We use cookies. Read the Privacy and Cookie Policy

ПРЕДИСЛОВИЕ

Помнишь, Постум, у наместника сестрица?

Худощавая, но с полными ногами.

Ты с ней спал еще... Недавно стала жрица.

Жрица, Постум, и общается с богами.

И. Бродский, Письма римскому другу из Марциала

Тревожишь ты меня, сон дальний, сон неверный...

Как сказочен был свет сквозь арку над Галерной!

В. Набоков

Дверь массивных ворот за моей спиной тихо закрылась. Перед глазами была уютная улица в центре Петербурга, за спиной – старинный особняк – здание разведуправления.

Привычно взглянул на часы: 19-00. Стало быть, в кабинете начальника разведуправления я провел почти полтора часа. Многовато для обычного армейского подполковника. Девяносто минут общения с хозяином кабинета и долгие бессонные ночи раздумий впереди. Но все это – потом. А пока... Я стоял на теплом от летнего солнца тротуаре и прислушивался к самому себе. Примерно так часто поступают раненые в бою: слушают себя изнутри, пытаясь понять, куда и сколь серьезно ранены. Боли не было. Была пустота.

Случайный прохожий беспокойно взглянул мне в лицо:

– Вам плохо?

– А кому сейчас хорошо? – улыбнулся я и тихо побрел по улице, знакомой мне до мелочей.

Именно здесь, по иронии судьбы, прошли первые годы моей жизни. Сюда, в убогонькую мансарду одного из ближайших домов, сорок лет назад привезли меня из роддома мои счастливые родители. Кто бы мог подумать, что ровно через четыре десятилетия я, офицер Российской армии, испытаю здесь одни из самых горьких и унизительных мгновений своей жизни.

Я медленно шел мимо знакомых дворов, а память назойливо возвращала меня к недавним событиям.

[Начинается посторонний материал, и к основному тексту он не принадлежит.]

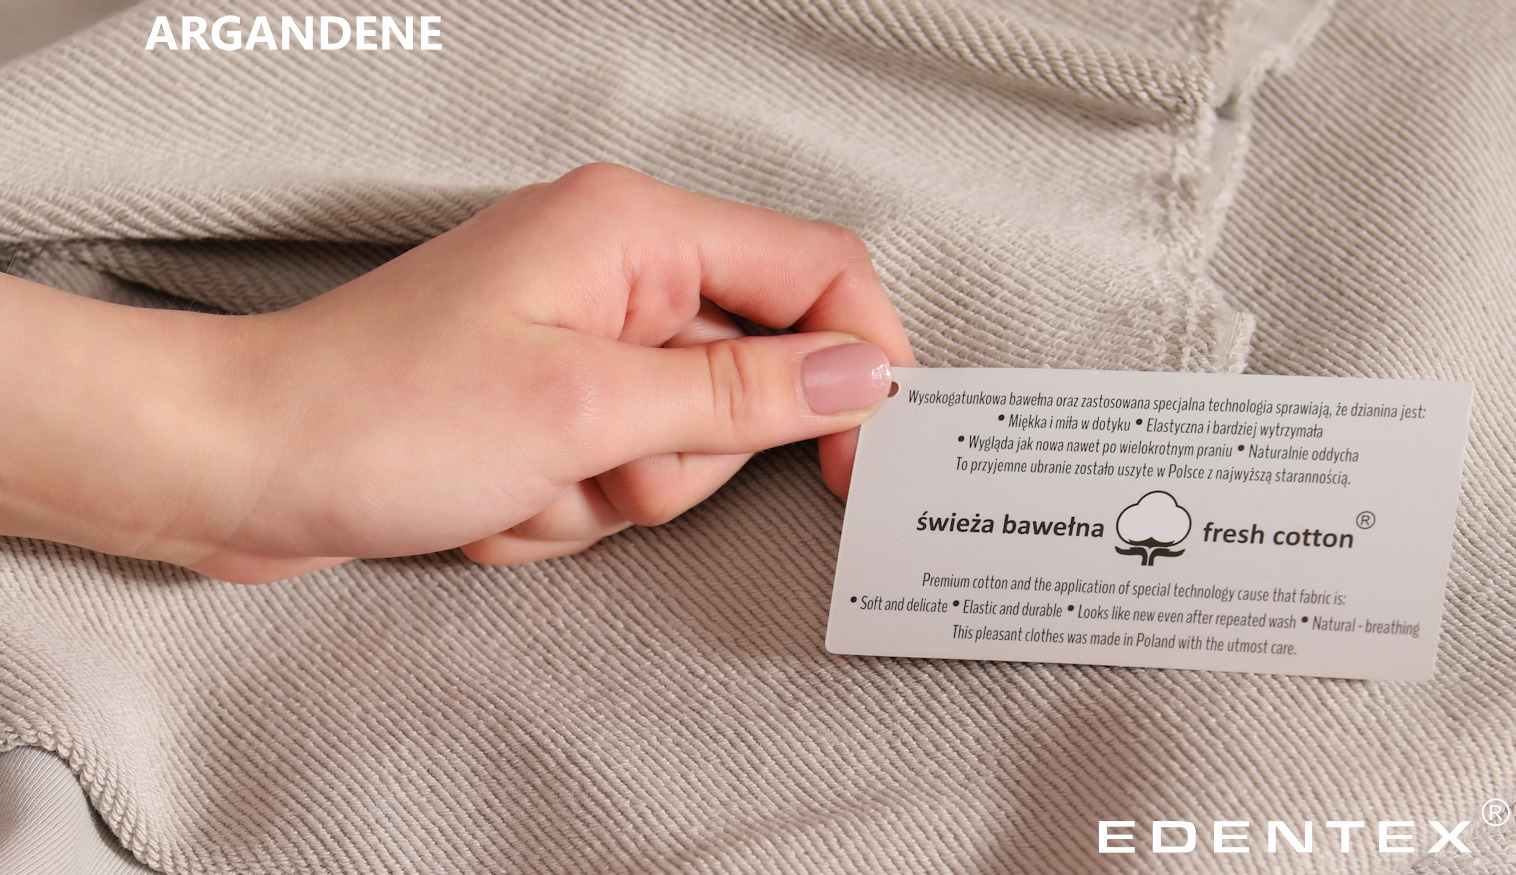 New fabric: EDENTEX-ARGANDENE®

Вчера, 19 июня 1995 года, раздался неожиданный телефонный звонок. Вежливый голос сказал, что генерал – начальник разведуправления – завтра к семнадцати тридцати ждет меня для беседы.

Приглашение вежливое, но настойчивое, хотя и было для меня неожиданным, никакой загадки не представляло. Я знал, что оно – продолжение истории, начавшейся 20 августа 1994 года. В тот день газета «Санкт-Петербургские Ведомости» опубликовала мою статью «День-М по мистеру “X”», в которой я размышлял по поводу книг талантливого предателя нашей страны, бывшего агентурного разведчика В. Б. Резуна, известного читателям под псевдонимом Виктора Суворова.

На статью отклики были разные – от восторженных до оскорбительных и угрожающих. Но один был непохожим на остальные. Человек, позвонивший тогда и не заставший меня на месте, попросил оставить на моем столе короткую записку: на ней – лишь номер домашнего телефона и подпись «Кент».

Как военный историк, я знал о существовании этого человека, читал о нем. Но для меня это был лишь исторический персонаж. Я и не подозревал, что он живет в Петербурге, что наше неожиданное знакомство перерастет в добрые отношения, а потом и в дружбу, хотя разделяет нас сорок один год жизни. Сорок один год жизни и горячий опыт 41-го года, ставшего последней точкой отсчета для двадцати семи миллионов советских людей. День за днем я все больше узнавал об этом человеке. Как историк, верил не словам, а документам. И чем лучше узнавал, тем тяжелее становилось на сердце от той несправедливости, которая десятилетиями сопровождала разведчика в его собственном Отечестве.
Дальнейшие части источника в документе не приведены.